UB-Mannheim / zotero-ocr

Zotero Plugin for OCR
GNU Affero General Public License v3.0
551 stars 40 forks source link

Increase multithreading processing capability #72

Open chenziliang0725 opened 6 months ago

chenziliang0725 commented 6 months ago

Tesseract and poppler only produce pages one by one now. When there are dozens of pages, it work slowly. Can we increase multithreading processing capability

aborel commented 6 months ago

There could be ways to do this, at least for tesseract. I'll take a look.

stweil commented 6 months ago

Currently the code runs the Tesseract executable with a list of page images. Then Tesseract processes those images one by one which takes some time.

zotero-ocr could accelerate the recognition by running several parallel Tesseract processes, but that would increase the complexity because it would require an additional processing step to combine the results of the different Tesseract processes.

I think it would be easier to add a reasonable multithreading to the Tesseract code. The current multithreading in Tesseract is not helpful, but multithreading on the page level would have a large benefit.

aborel commented 6 months ago

I agree.
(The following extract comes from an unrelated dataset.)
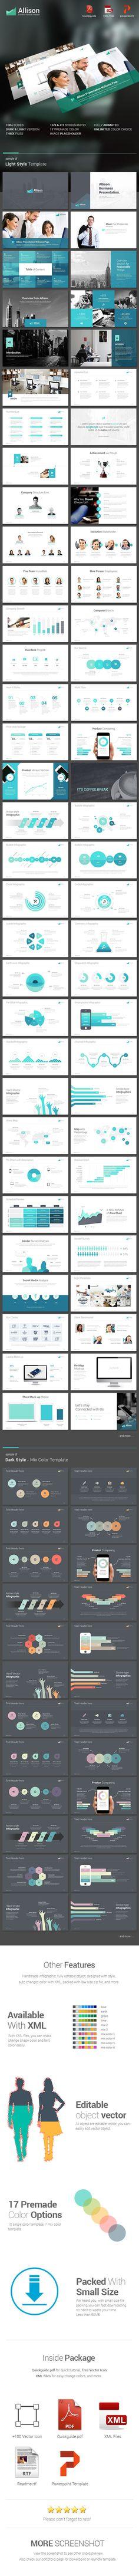 Allison - Creative Powerpoint Template #design #slides Buy Now: http://graphicriver.net/item/allison-creative-powerpoint-template/12925875?ref=ksioks

My plan was to investigate the current Tesseract situation before writing any code here, so thanks for this input.

aborel commented 6 months ago

The way I see it, the ideal situation for us would be if someone implemented this Tesseract issue https://github.com/tesseract-ocr/tesseract/issues/3750 . Then we'd get the functionality at a minimal cost (maybe just adding a preference for the number of threads).

Sadly, the Tesseract issue is 2 years old with no activity in sight, so I'm not really confident it will happen soon. I don't have the proper skill set to contribute on that side, unfortunately. However, I think the added complexity to implement this within the Zotero-OCR code might be manageable... I'd like to try.